CUNA is now America's Credit Unions.
A stronger voice to advance the credit union industry.
We’ve seen a shortage of workers, a shortage of supplies, and even a shortage of inventory for many businesses in recent months. But two things are in abundant supply: cybercriminals and their schemes.
These criminals and their attacks are becoming more sophisticated and more calculated. That became very apparent just before the end of 2021 with the discovery of the Log4j vulnerability, a zero-day vulnerability hackers used to exploit code in various Java-based logging software.
Without going in to all the technical details of the situation, suffice it to say that cyberattackers found a flaw in the code of the logging software and manipulated the code to embed malicious information called Log4Shell.
Once deployed, that malicious code can install trojans, ransomware, and a host of other malware that can affect all businesses, credit unions included.
The proof is in the pudding, as they say, and Log4j was a heaping spoonful of pudding. That’s because it’s estimated to appear in more than 100 million uses of software the world over.
It has a huge reach, especially because Java is a widely used form of code. Despite everything we know about cybersecurity and the many schemes that are out there, it’s clear there will always be new avenues for cyberattackers to find.
Because financial institutions are a major target for scams to gain member information and funds, we always need to be on guard.
Log4j isn’t the only vulnerability that falls into the zero-day category. In fact, a zero-day vulnerability is any flaw hackers find and attempt to exploit even before the software’s developers become aware of the problem.
In other words, there are zero days to act or prevent exploitation by cybercriminals before they introduce the malware.

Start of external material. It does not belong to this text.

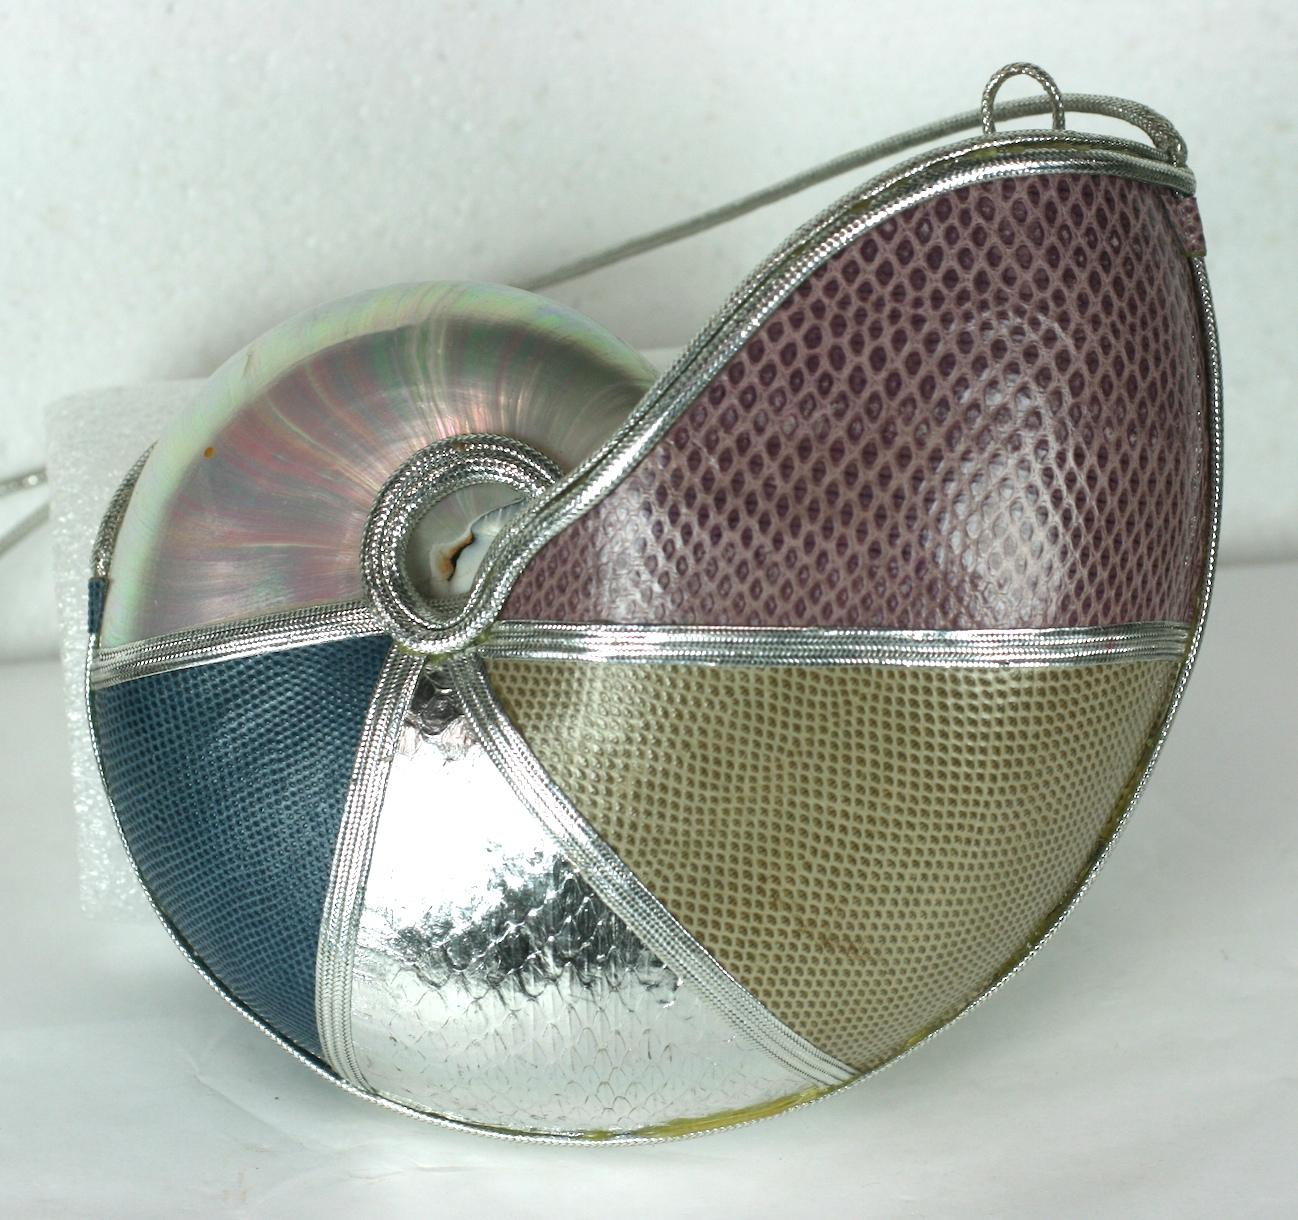 Unusual Nautilus Shell Purse clad in different panels of colored snakeskin in shades of rasberry, tan, teal and metallic silver which reflect the tones in the nacre of the shell. All the edges are covered in silver cording. Silver loop opens cover

Generally, patches and updates are created when vulnerabilities are found in a system or software. This isn’t possible with zero-day vulnerabilities, as the issue isn’t discovered until after malicious activity has already occurred and is made public as information theft.
And there’s more to it. Zero-day vulnerabilities turn into zero-day attacks when cybercriminals act on those vulnerabilities and deploy their malware. The key point there is that the attacks are successful, meaning they gained access to sensitive data or systems.
Some notable examples of zero-day attacks, in addition to the Log4j attack, include Heartbleed (2014), Shellshock (2014), BlueKeep (2019), and Kaseya (2021).
There are also zero-day exploits, which refer to the technique of—you guessed it—exploiting the vulnerabilities they find. Many times, as zero-day vulnerabilities are unknown to the developers who created them, hackers sit on those flaws and lie in wait to establish their attack.
The more time they have to fine-tune their attacks, the more successful they tend to be.
Types of zero-day exploits include:
In the instance that a zero-day vulnerability, such as Log4j, is exploited and an attack is imminent, what can your credit union do to stay secure?
The answer is twofold: be proactive and have a plan. Work now to guard against attacks as best you can before they occur, but also have a series of actions in place in case an attack does occur.
It’s not always possible to protect against vulnerabilities, especially if you use outside vendors for services. However, there are several steps your credit union can take to protect your information, systems, networks, and servers from zero-day attacks:
1. Provide social engineering and security awareness training to every staff member, executive team member, and board member.
Awareness is a fundamental piece of the puzzle in protecting your institution. Knowing what attacks might look like—whether they come in the form of phishing emails or malicious links and so on—means your staff is more likely to spot red flags and not fall for the scams.
2. Implement a consistent patch management program. Create a schedule that includes patches and updates for all of your systems and networks, and perform these processes often.
Also, stay apprised of any new patches or updates that are available to stay as up to date as possible. A good patch management program will not guarantee protection against a zero-day attack, but a process will already be in place when the vulnerability becomes known and a patch becomes available.
3. Implement a strong vendor due diligence program. This will allow you to build good working relationships with your vendors, which leads to better communication in the event a zero-day attack occurs.
In that communication, your credit union and your vendor can determine vulnerabilities on both ends and implement mitigation tools together. In addition, a vendor due diligence program means you’ll have policies and processes in place to review contracts for the outside party’s security controls and service level agreements.
4. Use the rule of least privilege so only people who absolutely need to have access to a particular system or application receive those permissions.
Tellers may not need the same access as loan officers and vice versa, and the fewer people who can access sensitive information, the fewer opportunities cyberattackers will have to enact their malicious schemes.
5. Take a layered approach to security. The more security measures you have in place, the stronger buffer you create between your data and hackers. Install firewalls, use anti-virus software, deploy threat detection, monitor user activity, and more.
6. Put in place a disaster recovery/incident response plan in the event a zero-day vulnerability is successfully exploited despite your protective security controls. This will help you determine how to act quickly and recover your data and/or control of your systems.
There’s no sugarcoating it: Zero-day vulnerabilities are going to happen, and attacks are inevitable. Log4j is just one in a string of many.
The best advice anyone in the security world can give you is to be knowledgeable, be proactive, and have a plan to face zero-day vulnerabilities and attacks.
JOHN CUNEO is information security director at Vizo Financial.